The NBDPS is a population-based, case-control study of environmental and genetic risk factors for major birth defects. Each of the participating Centers for Birth Defects Research and Prevention contributed 300 interviews with mothers of children with major structural birth defects and 100 interviews with mothers of children without birth defects. Following the maternal interview, DNA samples were collected from the mother, the infant, and the infant’s father to allow genotyping and identification of genetic risk factors.
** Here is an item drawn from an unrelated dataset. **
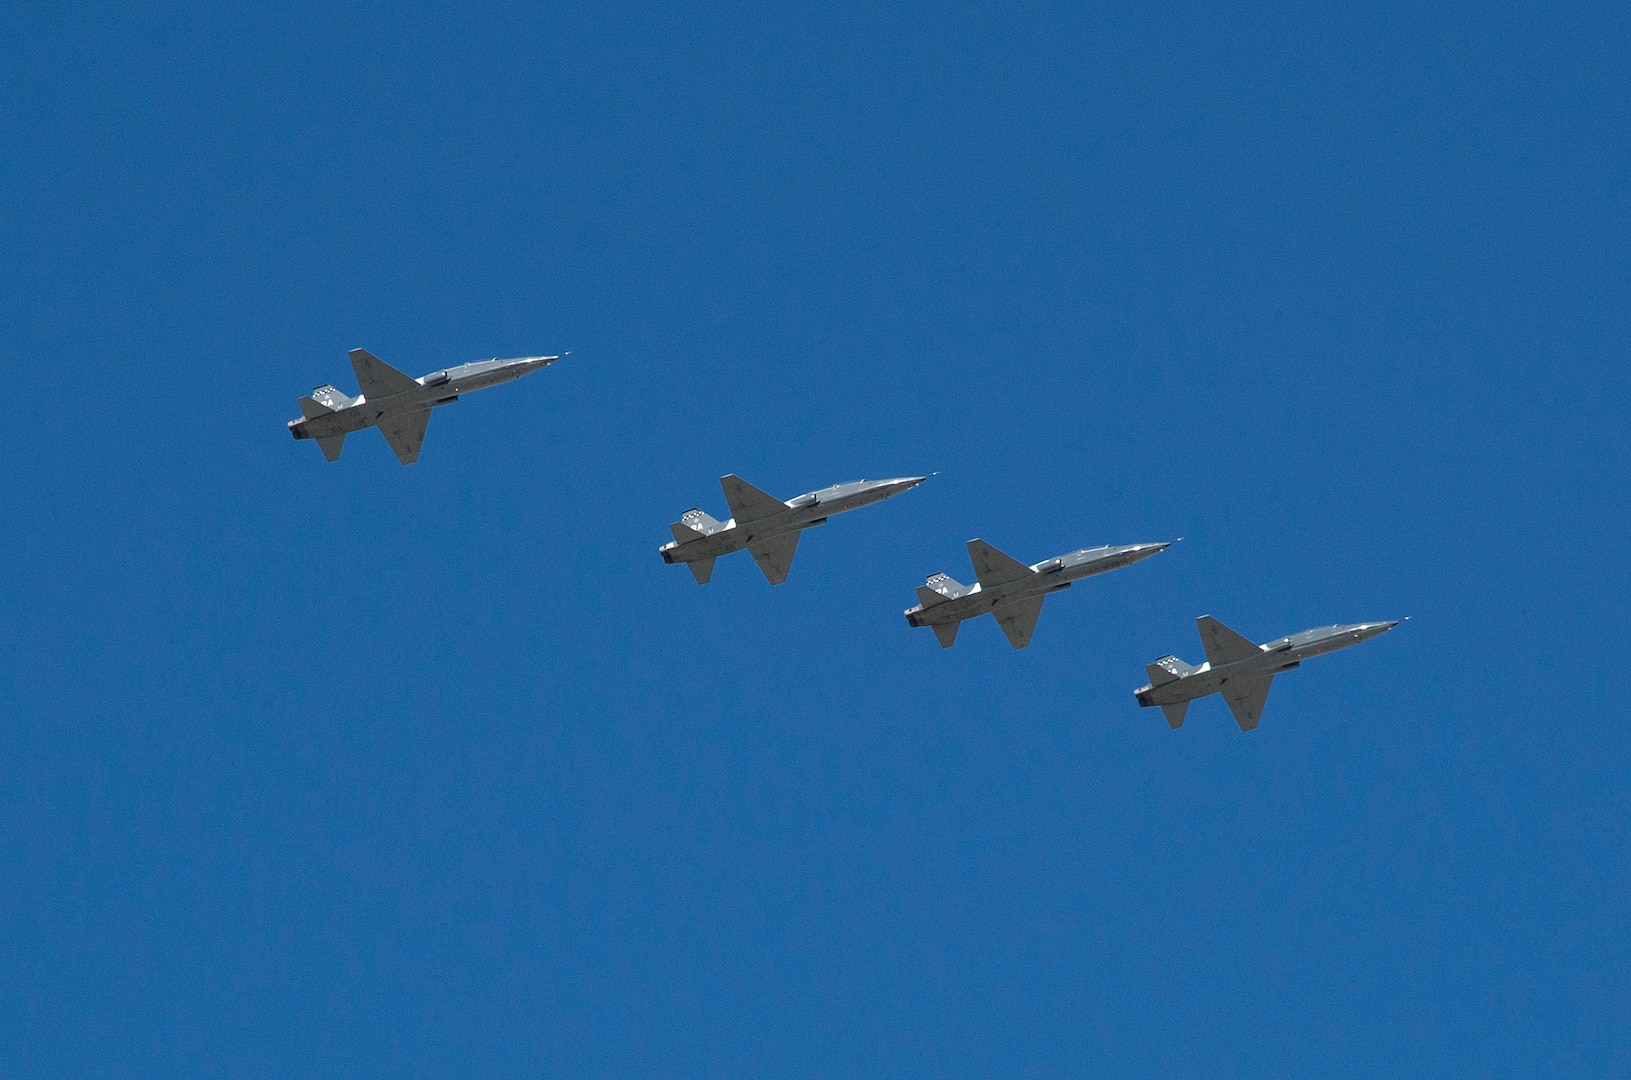 A formation of T-38C Talons flies over Joint Base San Antonio-Randolph Seguin Auxiliary Airfield during a ribbon cutting event signifying the reopening of the JBSA-Randolph Seguin Auxiliary Airfield Jan. 20.  Upon completion of a three-year construction project, the airfield is now ready for flying by members of the 560th Flying Training Squadron.  The airfield is crucial for “touch and go” training that qualifies fighter and bomber pilots as instructor pilots in the T-38C Talon.  The reconstructed runway increases flight safety by distributing training around the San Antonio area, which means fewer aircraft and less congestion around Joint Base San Antonio-Randolph. (U.S. Air Force photo by Johnny Saldivar)
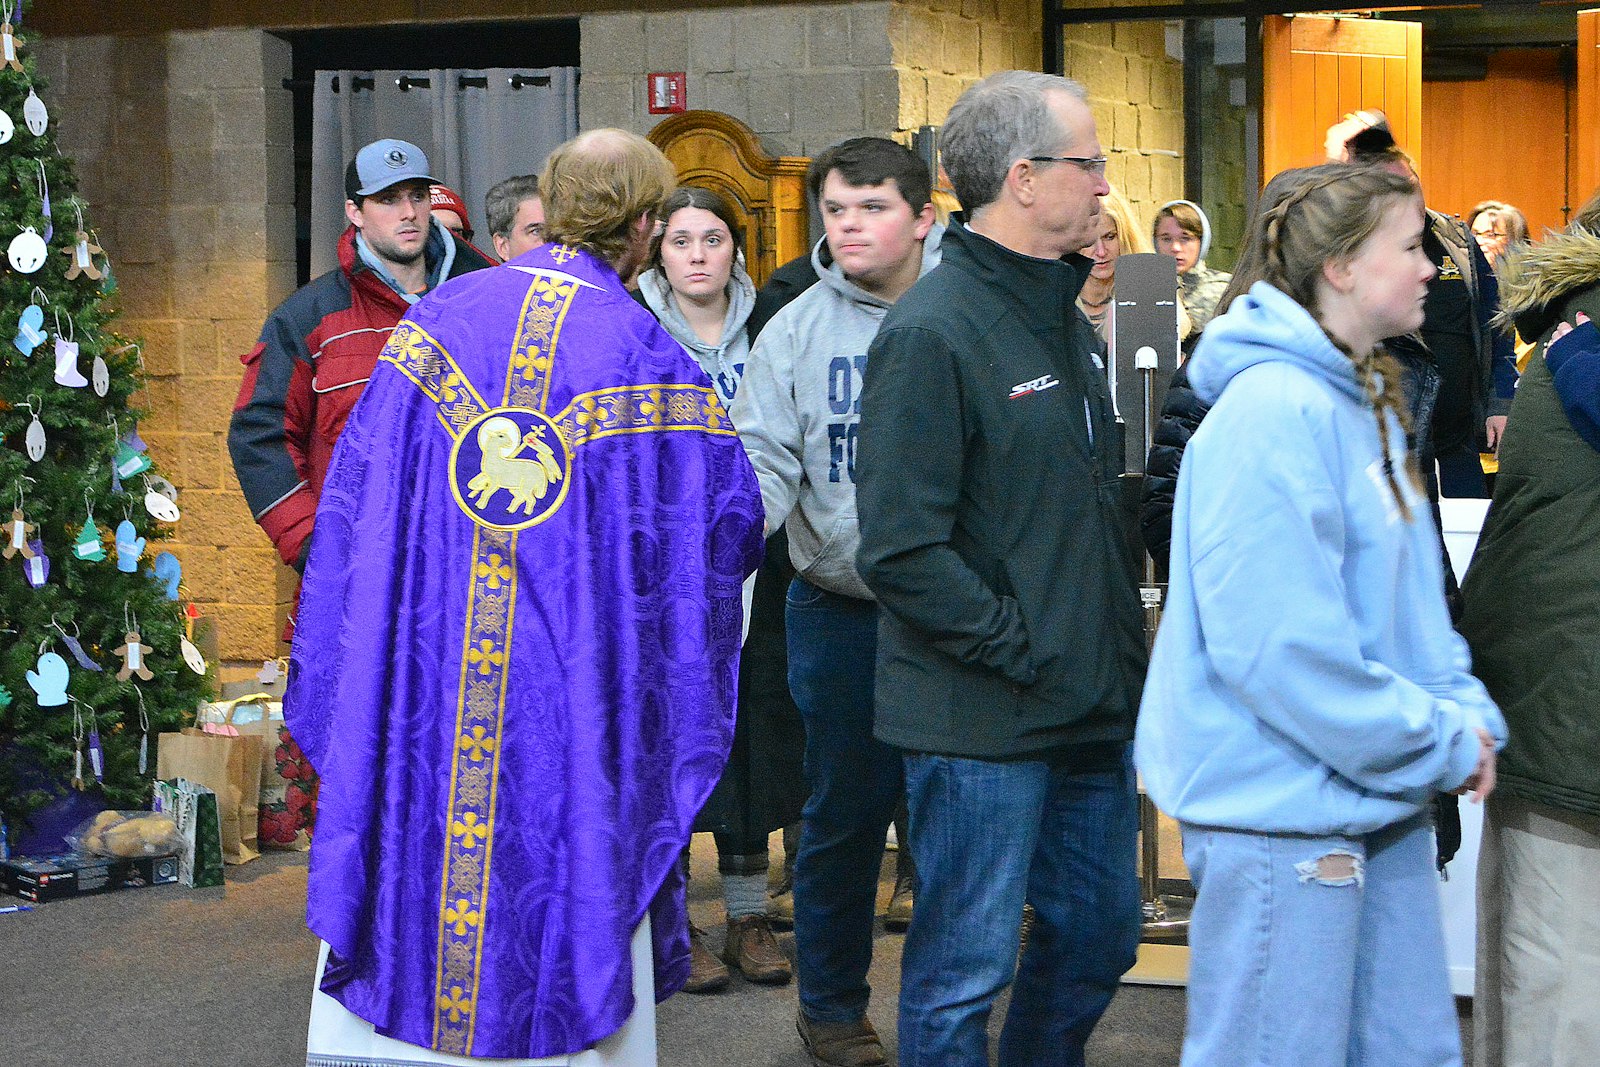 St. Joseph associate pastor Fr. John Carlin greets Oxford High School students, parents, alumni and community members Nov. 30 for a Mass of healing at the Lake Orion parish.

The major goal of the NBDPS was to provide information that will:
- increase the understanding of birth defects causes
- prevent many birth defects from occurring in the future
The NBDPS is one of the largest case-control studies ever conducted on the causes of birth defects.
Genetic & Metabolic Determinants of Congenital Heart Defect Risk
Congenital heart defects (CHDs) are the most prevalent and serious of all recognized birth defects, occurring in 8-10 of every 1,000 live births in the US. More than 85% are thought to result from a complex interplay among maternal lifestyle factors, genetic susceptibilities, and metabolic phenotypes. Although CHDs clearly pose a significant public health problem, clinical and public health efforts designed to prevent most CHDs do not exist. Researchers at the Arkansas Center are dedicated to understanding the causes of CHDs with the longer-term goal of preventing or at least significantly reducing CHDs based on preconception genetic and metabolic screening.
In 2006, the Arkansas Center received a $3.0 million competitive renewal from the Eunice Kennedy Shriver National Institute of Child Health and Human Development at the National Institutes of Health (NIH). These resources allow Charlotte Hobbs, MD, PhD, the Principal Investigator and her colleagues to use state-of-the art technologies to identify causes of genetic susceptibilities, metabolic determinants and lifestyle factors. The research team will identify genetic and metabolic markers identify women who are at increased risk of having a pregnancy / fetus affected by a congenital heart defect. By discovering life-style factors, genetic variants and metabolic markers that may lead to congenital heart defects, primary prevention methods may be developed.
Maternal Smoking: DNA Repair Polymorphisms and the Risk of Septal Heart Defects
In 2008, the National Institutes of Health awarded a $648,000 grant to Arkansas Children’s Research Institute (ACRI) for Sadia Malik, MD, MPH (Principal Investigator) and her colleagues at the Arkansas Center to investigate underlying genetic risks associated with septal heart defects. Malik, a cardiologist at ACH and an associate professor of Pediatrics at the University of Arkansas for Medical Sciences (UAMS) College of Medicine, has been studying the connection between a mother’s smoking habit and her baby’s risk of heart defects for several years. Her latest study, funded by NIH, will look at how specific genetic polymorphisms increase the risk of these types of defects among babies whose mothers smoked while they were pregnant. Malik will employ new genomic tools provided by the Human Genome Project and the International HapMap Project. She also examined data on infants with heart defects identified by the National Birth Defects Prevention Study (NBDPS).